1-417/5 | 1-417/5 |
23 JUIN 1998
(Sous-amendement à l'amendement nº 2)
Art. 3
Modifier l'article 17, § 1er , de la manière suivante :
A) Après les mots « est composé de », remplacer le chiffre « 20 » par le chiffre « 16 »;
B) Au 2. de cet article, remplacer le mot « huit » par le mot « six » ;
C) Au 3. de cet article, remplacer le mot « dix » par le mot « huit » et le mot « six » par le mot « quatre ».
Justification
Il est proposé de limiter à seize le nombre des membres du Conseil de la concurrence.
Tout d'abord, on doit souligner que le président, le vice-président et deux membres du conseil exerceront dorénavant leur fonction à temps plein, ce qui éliminera, sur le plan de la composition, la principale faiblesse dans le fonctionnement du conseil.
En outre, la fixation de nouveaux seuils de déclaration contribuera à réduire fortement le nombre de déclarations obligatoires.
Enfin, le conseil n'aura plus à prendre de mesures dans le cadre de l'instruction, ce qui lui permettra de se consacrer entièrement à sa compétence de décision.
Dans ces conditions, un conseil composé de seize membres devrait suffire.
(Sous-amendement à l'amendement nº 2)
Art. 3
À l'article 17, § 4, proposé, supprimer la dernière phrase.
Justification
Si l'on prend l'activité du Conseil de la concurrence au sérieux, on doit aussi exclure la possibilité, pour les membres à temps plein, d'exercer une activité professionnelle complémentaire.

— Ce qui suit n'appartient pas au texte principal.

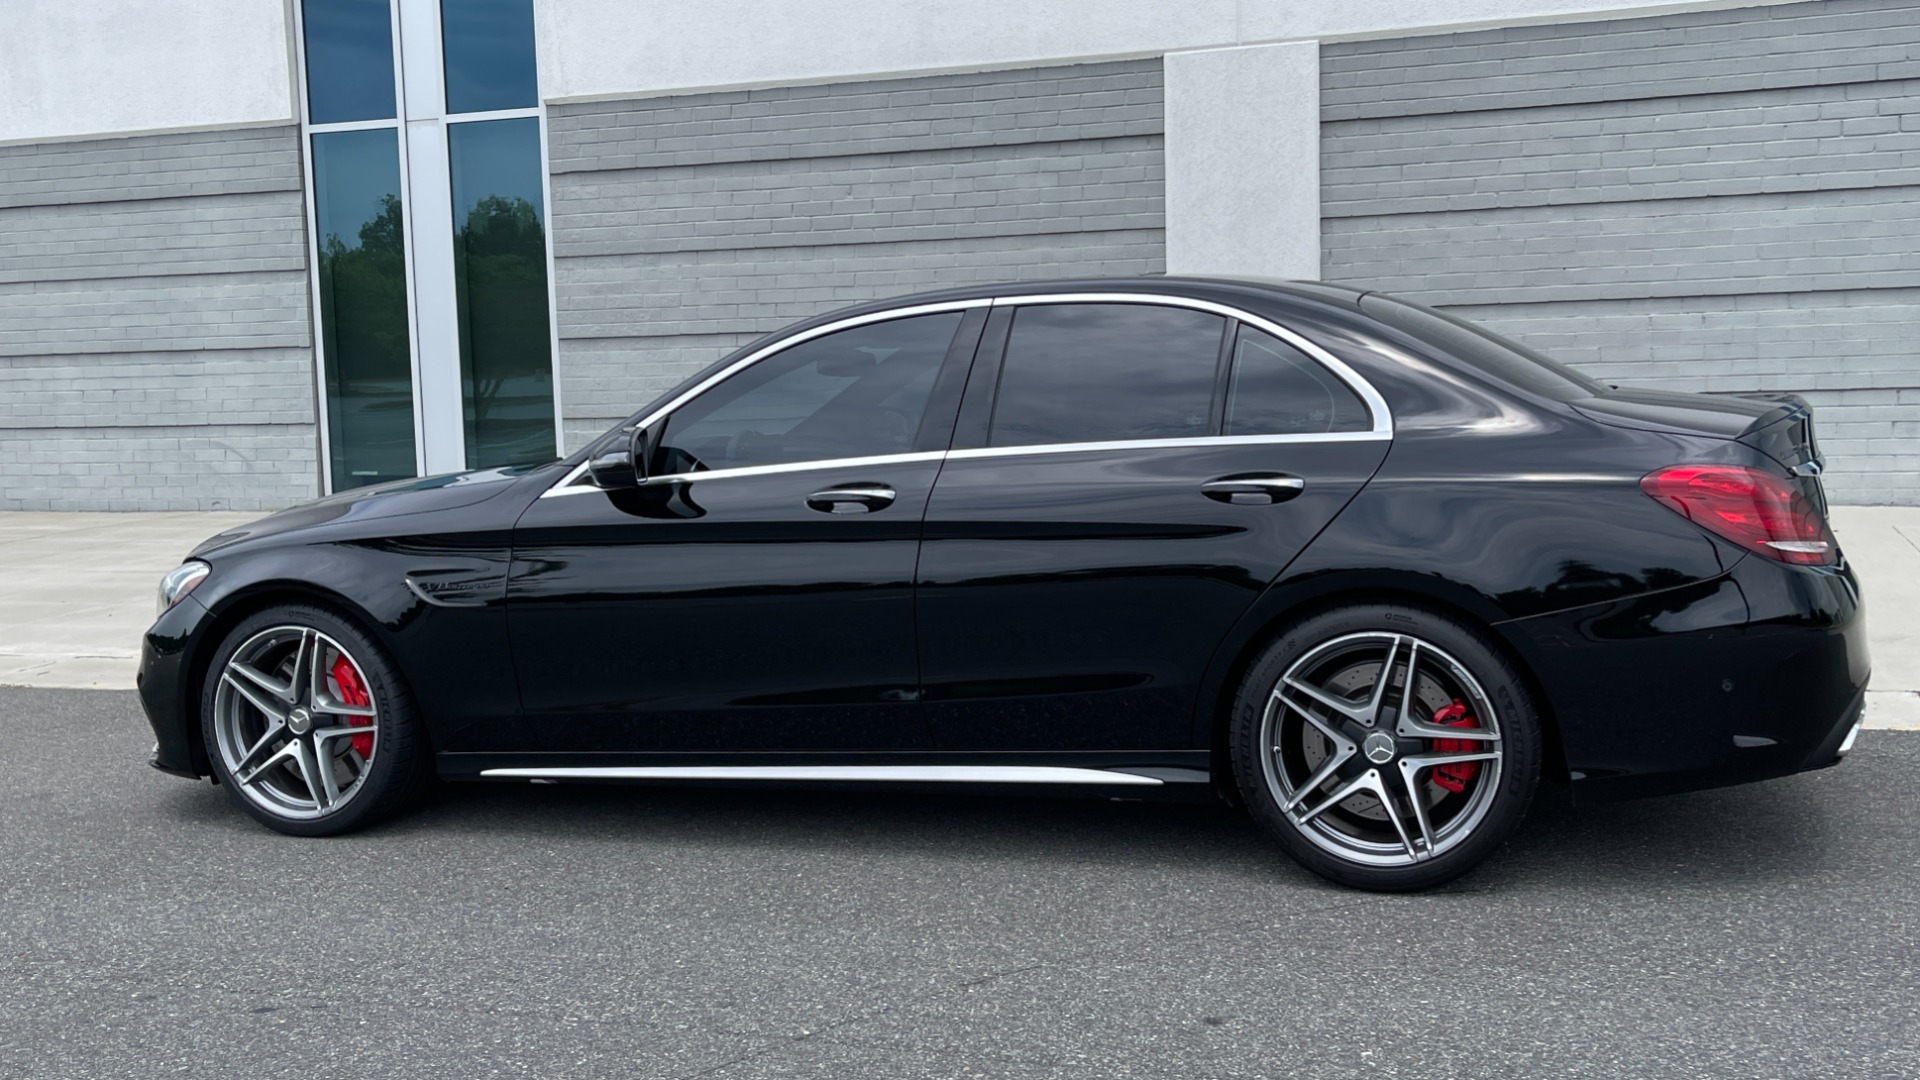 Used 2016 Mercedes-Benz C-CLASS AMG C 63 S SEDAN / NAV / BURMESTER / PANO-ROOF / CAMERA for sale $69,900 at Formula Imports in Charlotte NC 28227 3

(Sous-amendement à l'amendement nº 2)
Art. 3
À l'article 17 proposé, insérer un neuvième paragraphe (nouveau), rédigé comme suit :
« § 9. Le Conseil de la concurrence est assisté par un secrétaire et un secrétaire adjoint, que le ministre désigne à cet effet parmi les fonctionnaires du Service de la concurrence.
Le secrétaire et le secrétaire adjoint appartiennent à des rôles linguistiques différents. »
Justification
L'amendement du gouvernement ne prévoit pas de secrétariat, alors que la loi de 1991, elle, le prévoyait. Le présent amendement vise à pallier cette lacune. Il ne prévoit cependant pas de secrétaires suppléants, car cette fonction nous semble superflue.